:: How to complete this task ::
Repeat the data in full and exactly. Leave the pictures out.

:: Available data ::

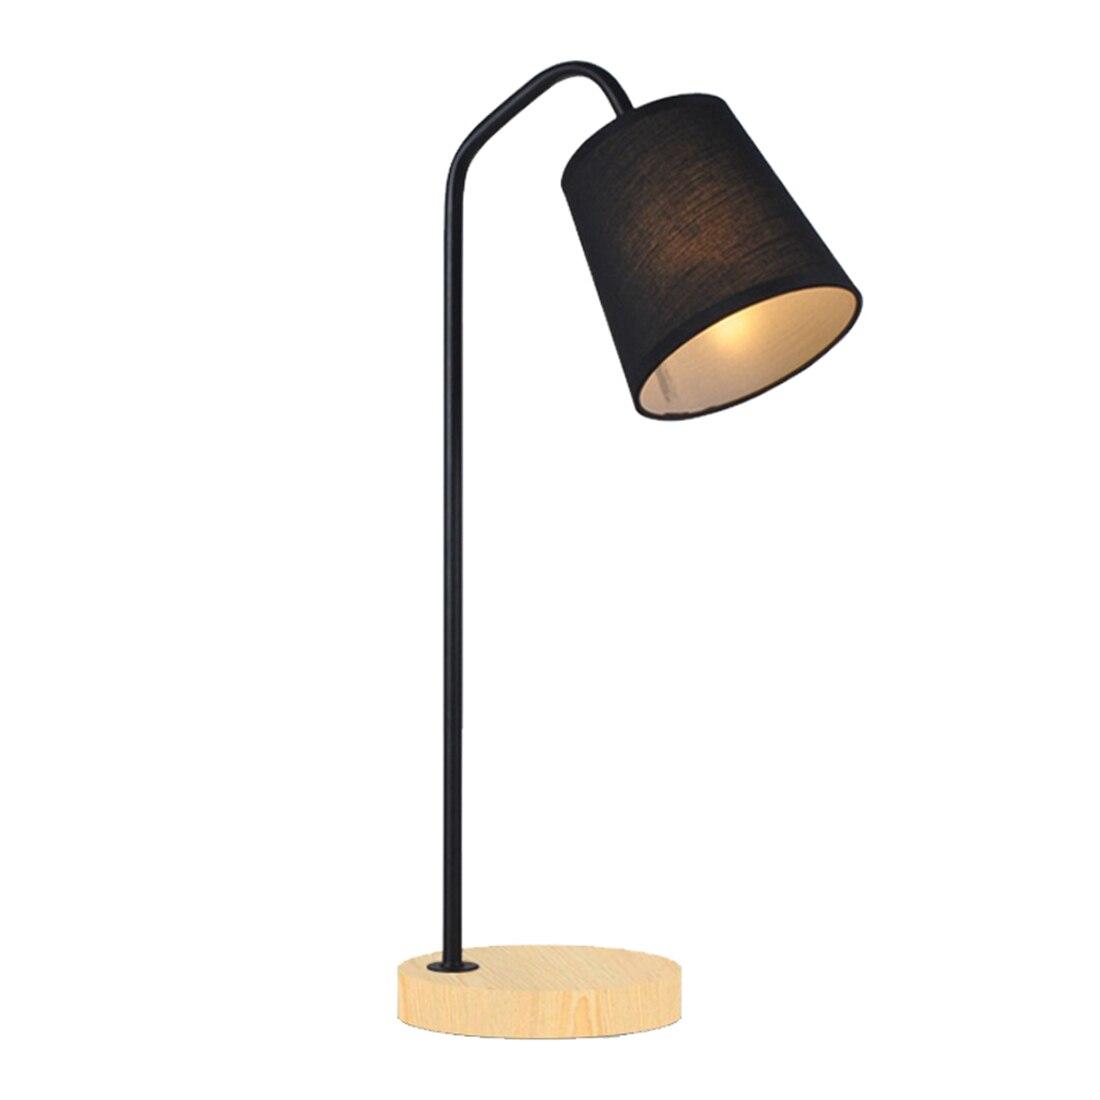 Attic Retro Table Lamp Traditional American Country Wooden Desk Lamp Scandinavian Metal Desktop Lighting Simple Modern Ey
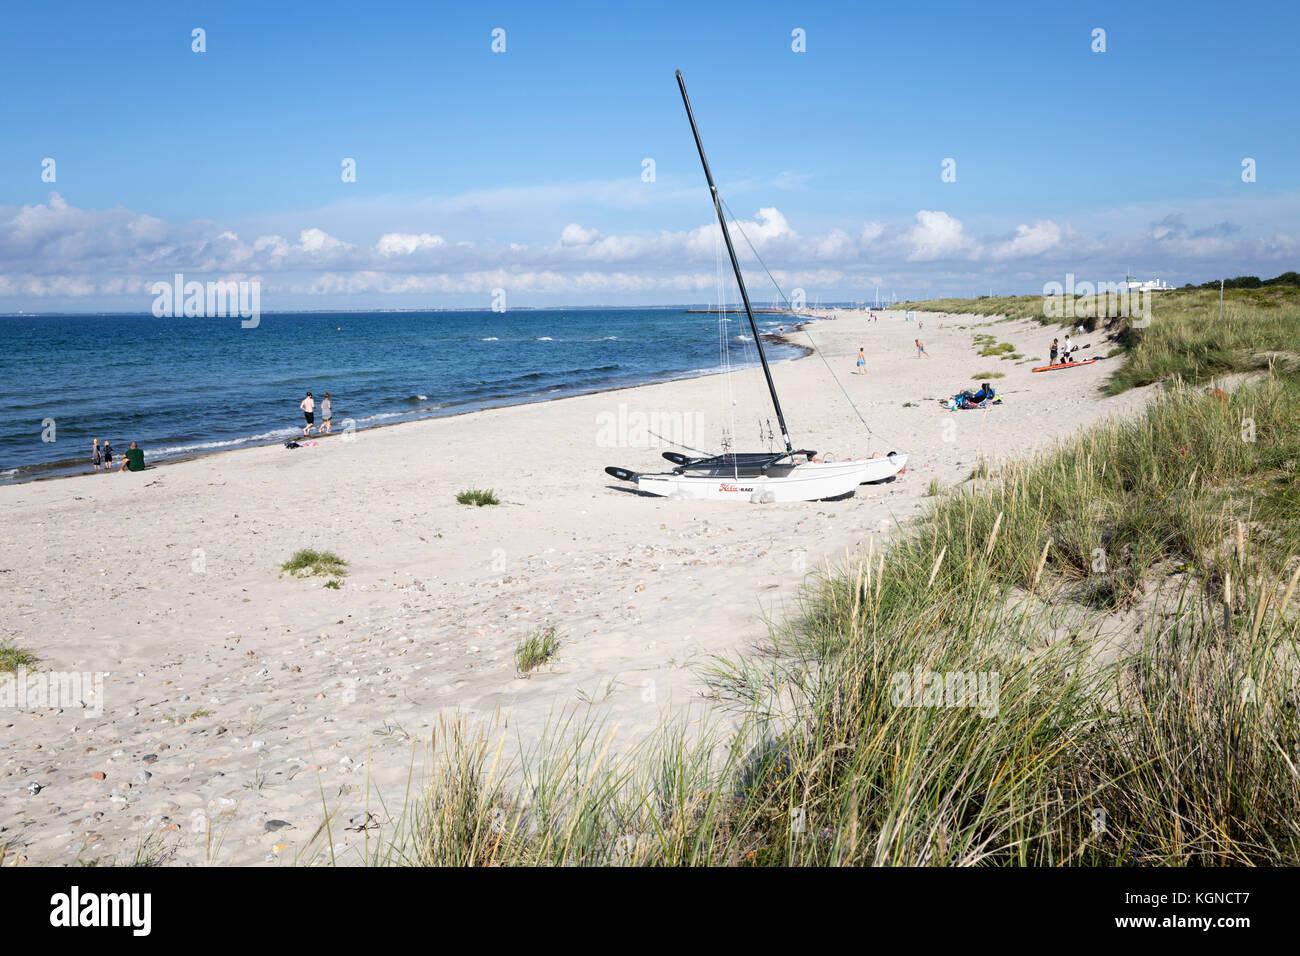 Hornbaek beach with white sand and sand dunes, Hornbaek, Kattegat Coast, Zealand, Denmark, Europe - Stock Image
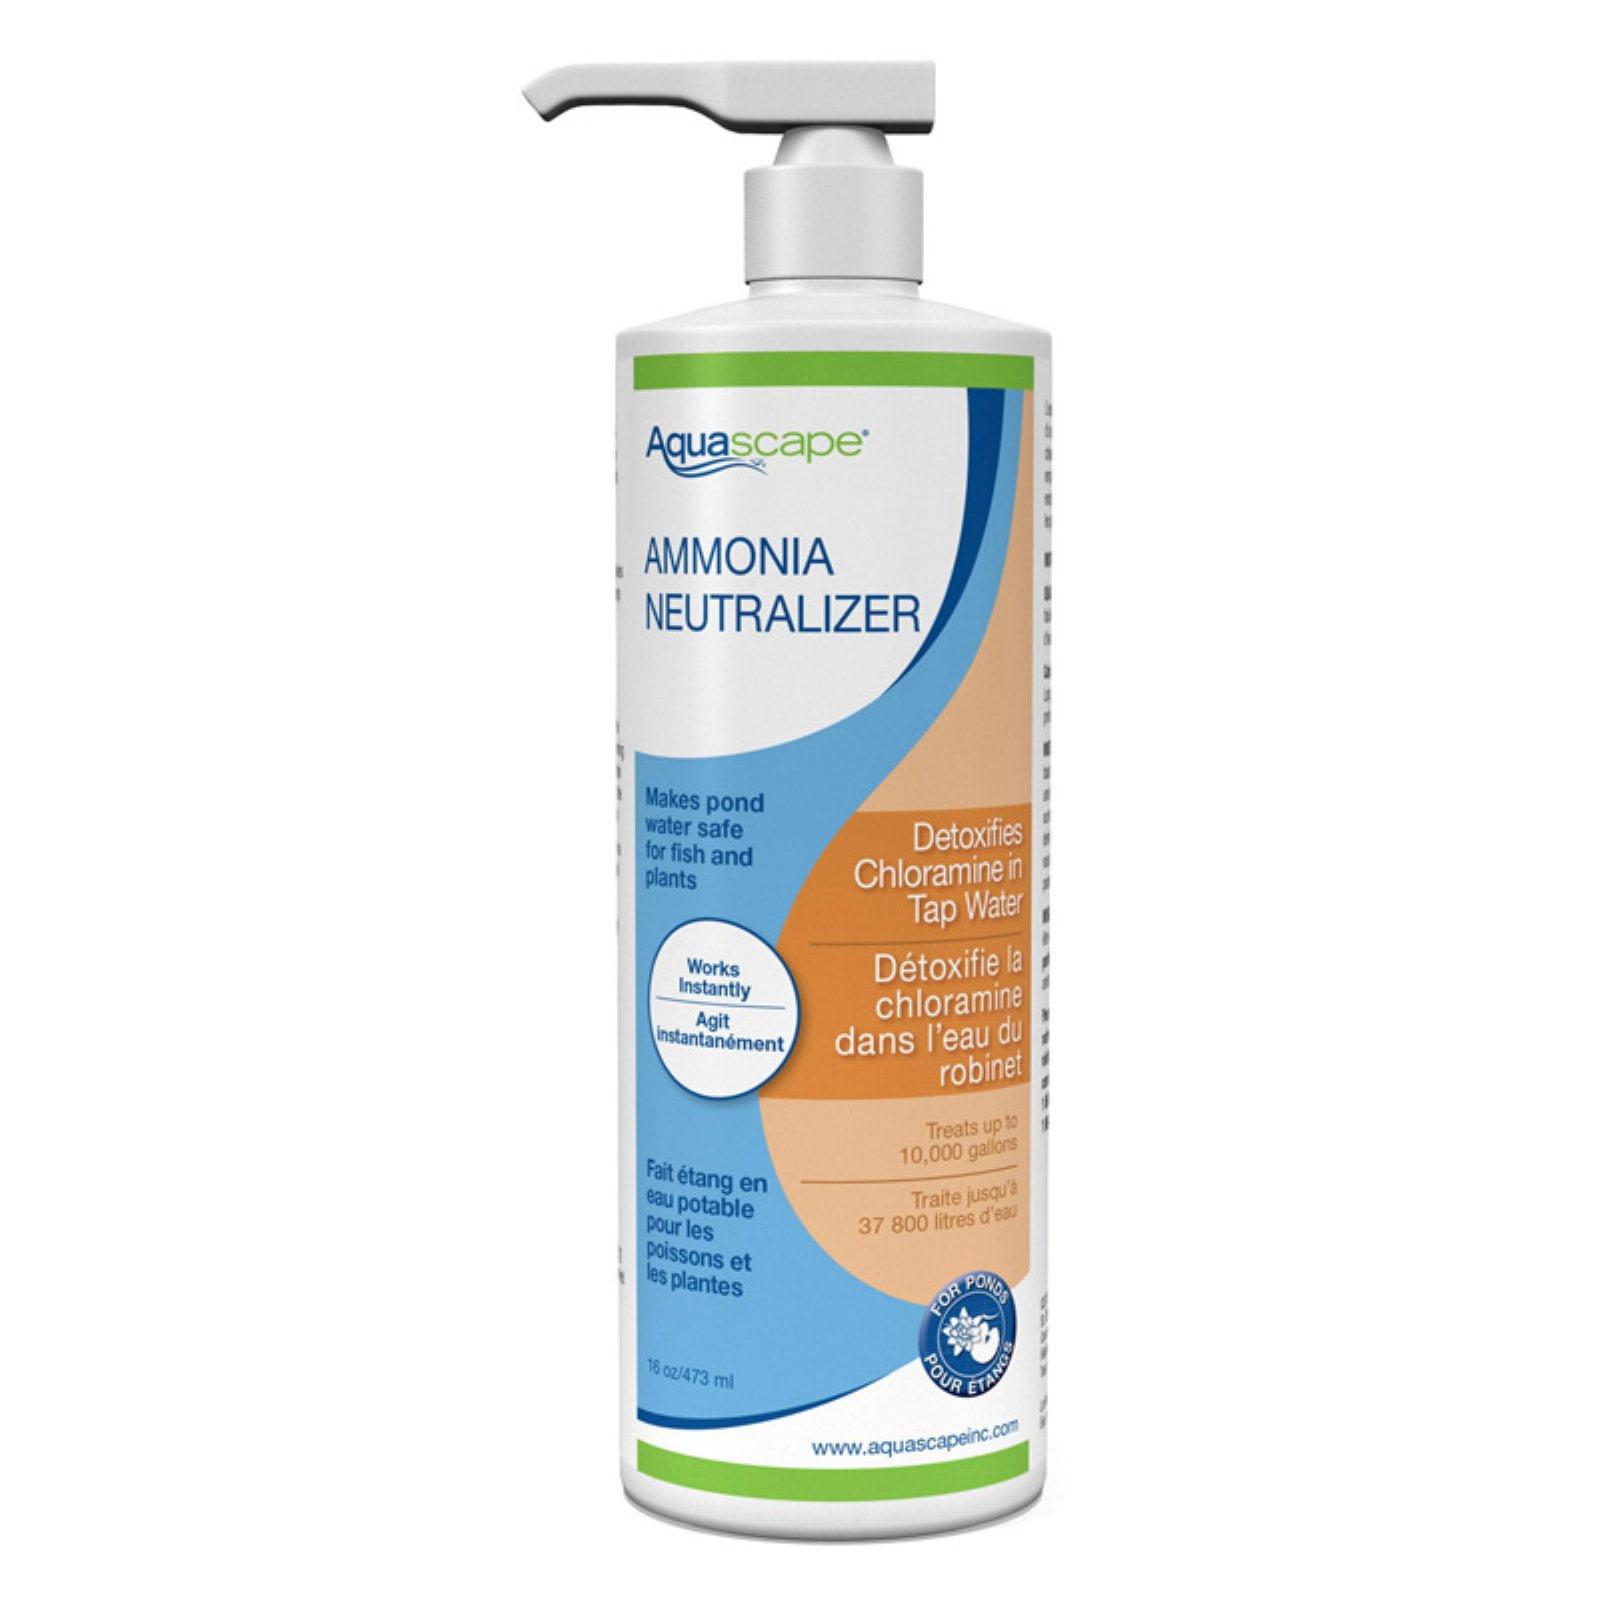 Aquascape Ammonia Neutralizer

:: Exercise response ::
 Attic Retro Table Lamp Traditional American Country Wooden Desk Lamp Scandinavian Metal Desktop Lighting Simple Modern Ey
 Hornbaek beach with white sand and sand dunes, Hornbaek, Kattegat Coast, Zealand, Denmark, Europe - Stock Image
 Aquascape Ammonia Neutralizer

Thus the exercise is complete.